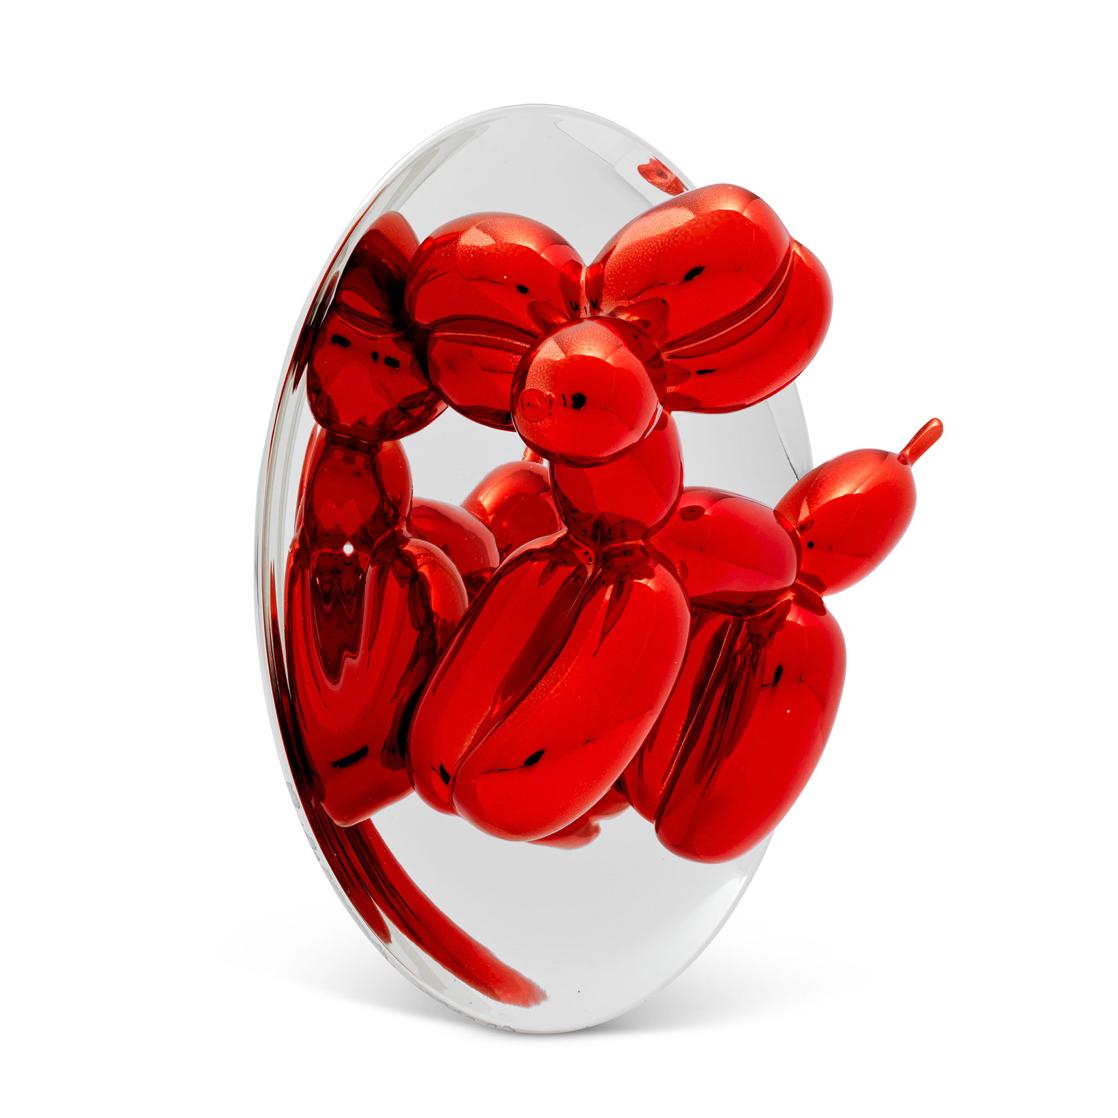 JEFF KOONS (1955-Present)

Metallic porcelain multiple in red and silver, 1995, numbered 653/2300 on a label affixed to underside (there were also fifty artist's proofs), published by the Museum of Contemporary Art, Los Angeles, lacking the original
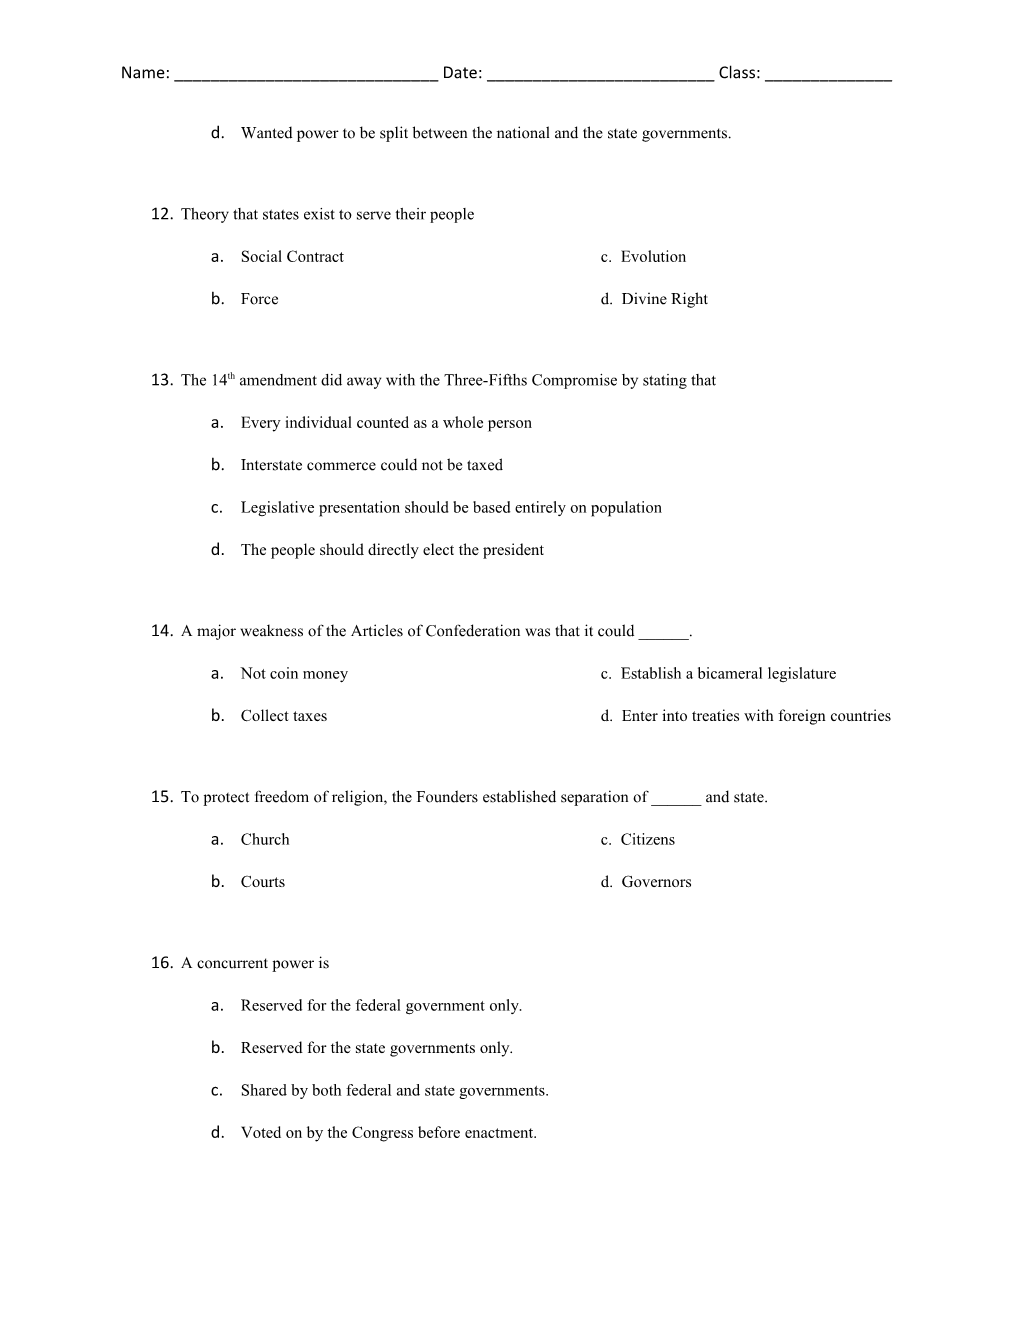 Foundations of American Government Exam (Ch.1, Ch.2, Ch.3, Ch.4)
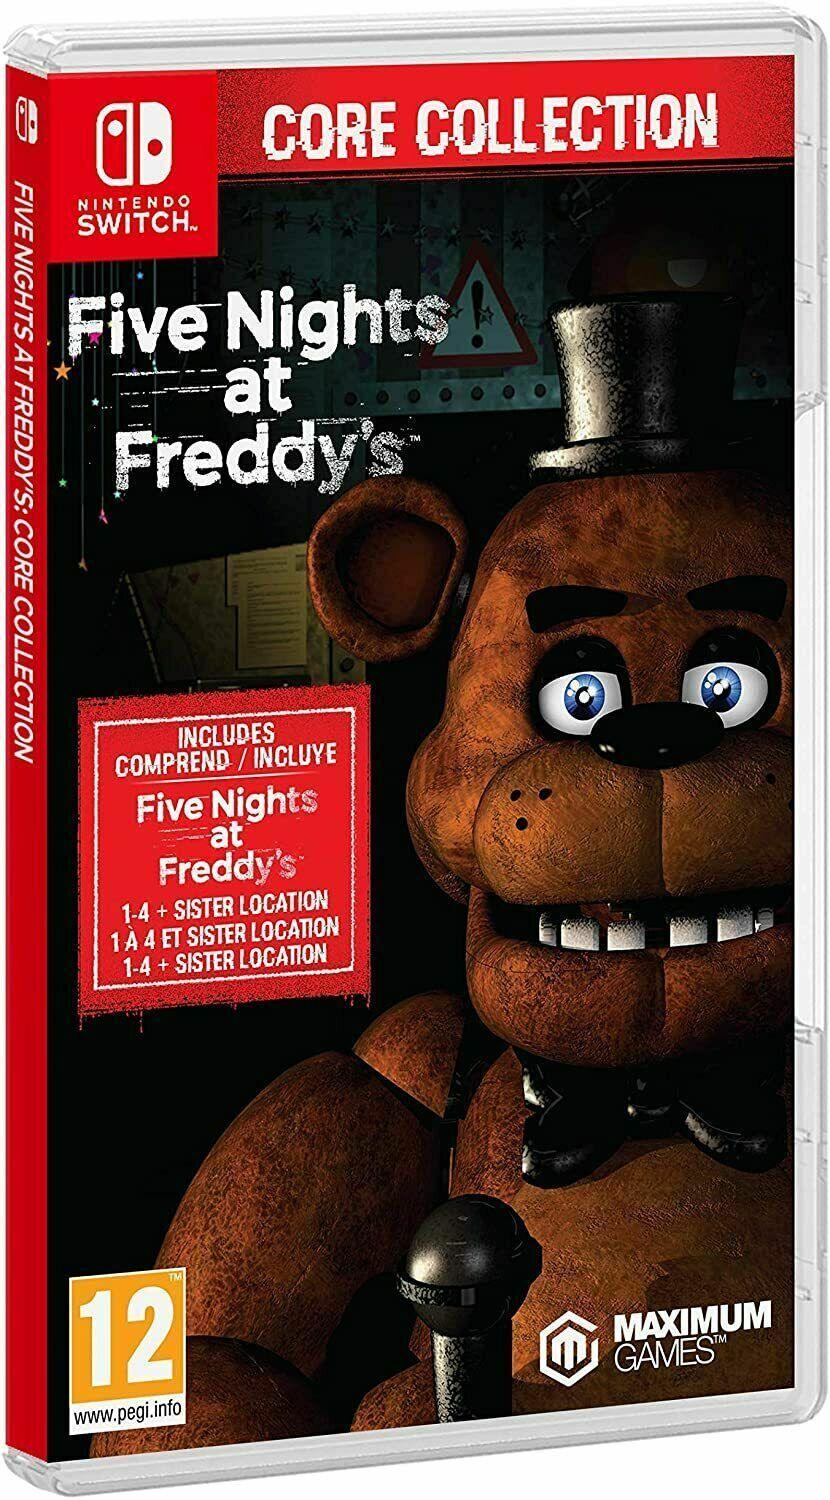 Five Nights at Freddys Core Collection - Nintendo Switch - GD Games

=======

◆ Problem description ◆
One exact copy of the data is required, and it should hold no pictures.

◆ Response area ◆
 JEFF KOONS (1955-Present)

Metallic porcelain multiple in red and silver, 1995, numbered 653/2300 on a label affixed to underside (there were also fifty artist's proofs), published by the Museum of Contemporary Art, Los Angeles, lacking the original
 Foundations of American Government Exam (Ch.1, Ch.2, Ch.3, Ch.4)
 Five Nights at Freddys Core Collection - Nintendo Switch - GD Games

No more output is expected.